My Amazon delivery of the Inkheart trilogy arrived today.  I love that the teen set loves to read all this great literature, but seriously when did teen books regularly get to be more than 500 pages?  As a fairly concise writer, I’m convinced that there must be unnecessary detail, dialogue and just…words…in these books to drag them out that long!  I am hoping to get the first book read by next week and to study the online synopsis for book two before I see Hope next week.  I’m traveling for work this week, so I’m hoping to get some reading done on all the planes, trains and automobiles!

Just 10 more days!


Perfectly Imperfect

“You know, I’m not a perfect kid.”

 “That’s cool, because I’m not a perfect adult.  Perfection is overrated anyway.”

 ~~Excerpt from the first call between AdoptiveBlackMom & Hope

So, today is the new Best. Day. Ever.

I am basking in the afterglow of my first call with Hope.  We talked for almost an hour.  Saying it was awesome makes me feel like I need to step my vocabulary game up because it is surely an understatement.  It was even beyond epic.

At times while she was talking, I had to wipe silent tears away because living in this precious unbelievable moment was so wonderfully overwhelming.  I was so glad to hear her go on about her book collection at length because I needed the few moments to gather myself.

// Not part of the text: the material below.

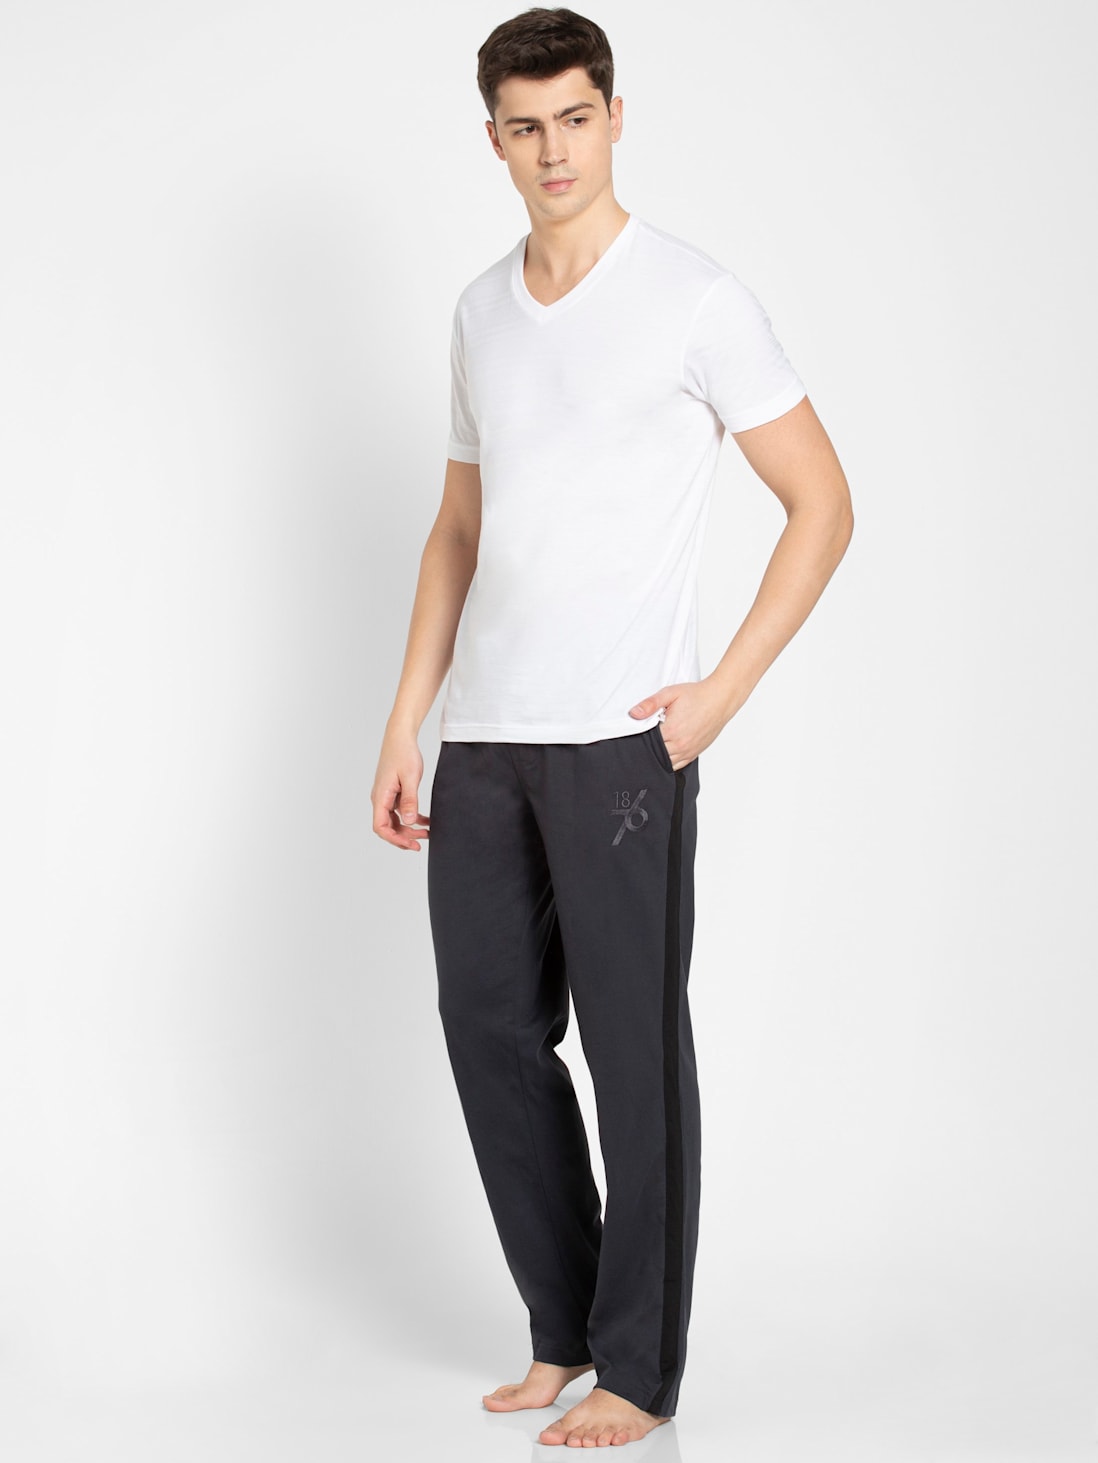 Jockey IM06 Men's Super Combed Cotton Rich Elastane Stretch Slim Fit Solid  All Day Pants with Pockets_Black S : Amazon.in: Fashion

It was truly a Jerry McGuire moment.  She had me at hello.

I am beyond privileged.  It is both eerily heartbreaking and heartwarming for a child to tell you on her own that she is happy that you are interested in her and that she might finally get a forever home.  Heartbreaking that any child would find herself in such a reality.  Heartwarming because she doesn’t get that I’m so much more than interested; I’m committed.  I’m so there.

We made plans tonight.  I’ve got late nights ahead of me between writing this dissertation and keeping up with our newly formed ABM/Hope book club.  We’ll be reading Inkdeath by Cornelia Funke when I go to visit in two weeks.  She recommended that I read the first two books in the trilogy first…hustle on that!  The books have been ordered (thank you Amazon Prime).

We will have Wii bowling and tennis tourneys in order to defend our respective pro-level statuses.  Oh yeah—we are competitive.

I will have to take swimming lessons in order to motivate Hope to finish her swimming class test, which she hasn’t been able to pass.  Looks like I’m going to have to pass one too.  Have I mentioned that I’m not a fan of the pool?  I’m fantastic lounging poolside with an umbrella drink but in the pool?  Not so much.

She shared that kids had teased her because of her dark skin and said she looked like a boy.  I affirmed the beauty of her skin and her loveliness.  I think I heard her smile.

Our talk was easy.  I am so hers.

Before we hung up I said, “So you remember all that stuff about us not being perfect?  Maybe that is a great set up for a good life together.”

She excitedly replied, “Yeah, I think so too!  So we’ll talk this weekend right?”

Oh yeah, I’m already counting the hours!